Before (the "right" way, but not very popular):

SFTTrainer(
    model="meta-llama/Llama-2-7b-hf",
    args=SFTConfig(model_init_kwargs={"quantization_config": BitsAndBytesConfig(load_in_4bit=True)}),
    peft_config=LoraConfig(),
    train_dataset=dataset,
)

It sits next to peft_config (the other non-serializable QLoRA ingredient), flows into from_pretrained, and raises if also set in args.model_init_kwargs.

Changes

New quantization_config arg on the five trainers above (+ docstrings).
The trl/scripts/{sft,dpo,grpo,rloo,reward}.py CLIs now pass it directly instead of injecting into model_init_kwargs.
This drops the redundant model_init_kwargs["device_map"] = get_kbit_device_map() line: verified on 8×H100 that QLoRA trains identically with and without it, across transformers 4.56.2 (min supported) and 5.13; distributed runs override device_map to None anyway, and single-process runs auto-place quantized weights on the current CUDA device. See Remove redundant get_kbit_device_map() #6158
Updated the QLoRA example in docs/source/peft_integration.md.

Note

Medium Risk
Touches model loading for all major TRL trainers and reference-model paths; behavior change for QLoRA users but scoped to optional loading kwargs with explicit conflict checks.

Overview
Adds a quantization_config trainer argument (alongside peft_config) on SFTTrainer, DPOTrainer, GRPOTrainer, RLOOTrainer, and RewardTrainer, so QLoRA can pass a model id string and let the trainer load/quantize via from_pretrained instead of pre-loading with AutoModelForCausalLM.

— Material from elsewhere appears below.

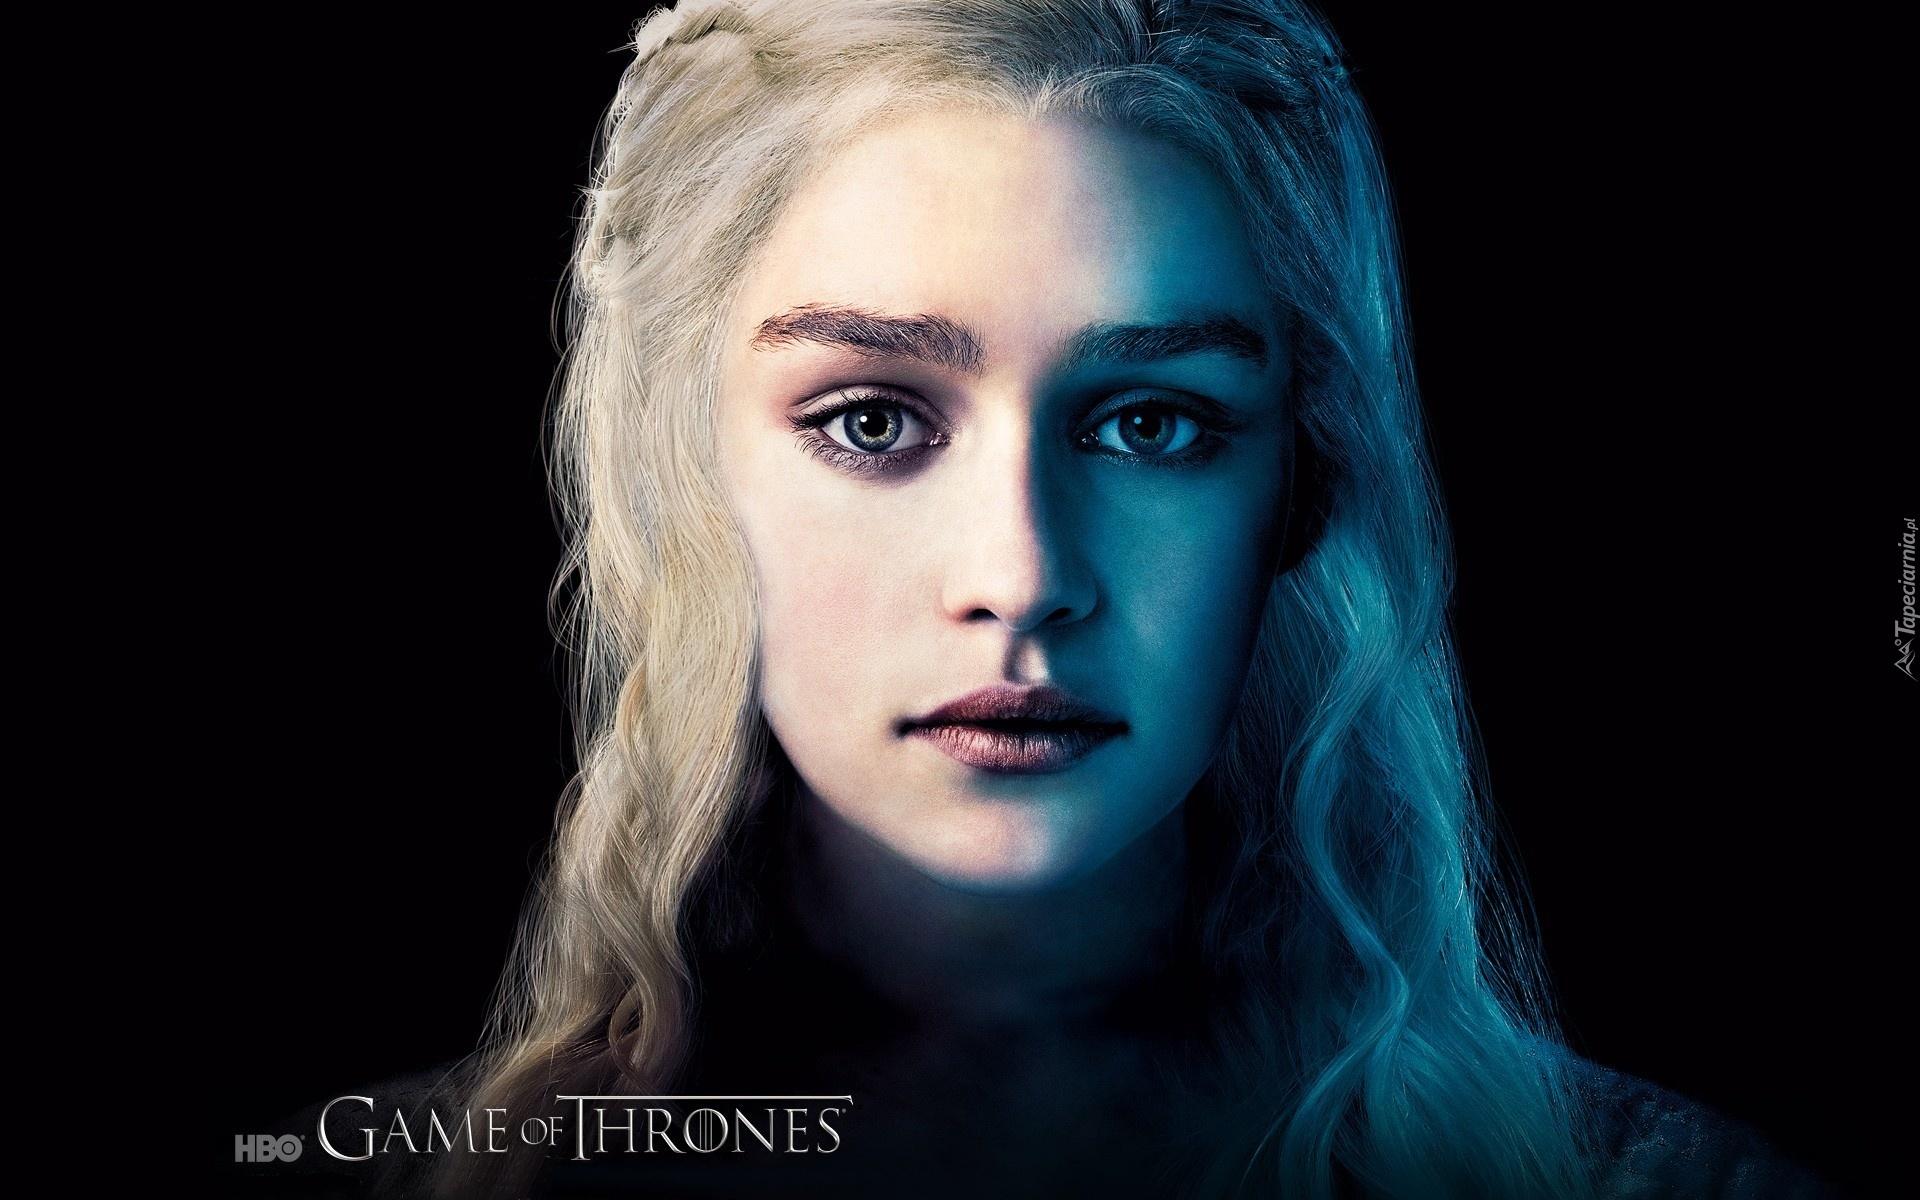 gra o tron, game of thrones, daenerys - emilia clarke

When the model is loaded from a string, the trainer merges quantization_config into model_init_kwargs (and the same for reference models where applicable), errors if it is also set in args.model_init_kwargs, and warns if a pre-instantiated model is passed. CLI entrypoints and example scripts now pass get_quantization_config(model_args) directly to the trainer and no longer inject quantization_config / get_kbit_device_map() into model_init_kwargs.

Docs and Colab notebooks are updated to the new pattern (model id + quantization_config on the trainer, model_init_kwargs for attn/dtype where needed).

^{Reviewed by Cursor Bugbot for commit 7be97c4. Bugbot is set up for automated code reviews on this repo. Configure here.}

bot-ci-comment · 2026-06-24T00:16:01Z

The docs for this PR live here. All of your documentation changes will be reflected on that endpoint. The docs are available until 30 days after the last update.

chatgpt-codex-connector

💡 Codex Review

Here are some automated review suggestions for this pull request.

Reviewed commit: 45d6a2decd

ℹ️ About Codex in GitHub

Your team has set up Codex to review pull requests in this repo. Reviews are triggered when you

Open a pull request for review
Mark a draft as ready
Comment "@codex review".

If Codex has suggestions, it will comment; otherwise it will react with 👍.

Codex can also answer questions or update the PR. Try commenting "@codex address that feedback".

chatgpt-codex-connector · 2026-06-24T00:17:49Z

        optimizers: tuple[torch.optim.Optimizer | None, torch.optim.lr_scheduler.LambdaLR | None] = (None, None),
        optimizer_cls_and_kwargs: tuple[type[torch.optim.Optimizer], dict[str, Any]] | None = None,
        preprocess_logits_for_metrics: Callable[[torch.Tensor, torch.Tensor], torch.Tensor] | None = None,
+        quantization_config: "BitsAndBytesConfig | None" = None,


Preserve positional peft_config compatibility

Adding quantization_config before the existing peft_config parameter shifts any current positional peft_config argument into quantization_config because this public constructor is not keyword-only. In existing calls that pass peft_config positionally, a model id will forward a PeftConfig object to from_pretrained(..., quantization_config=...) and fail, while an already-instantiated model will ignore it and train without the adapter; the same signature insertion appears in the other updated trainers. Put the new argument after peft_config or otherwise preserve the old positional layout.

Useful? React with 👍 / 👎.

although not specifically disallowed, it would be very surprising that peft_config is used as positional arg

…ument

cursor

Cursor Bugbot has reviewed your changes using default effort and found 1 potential issue.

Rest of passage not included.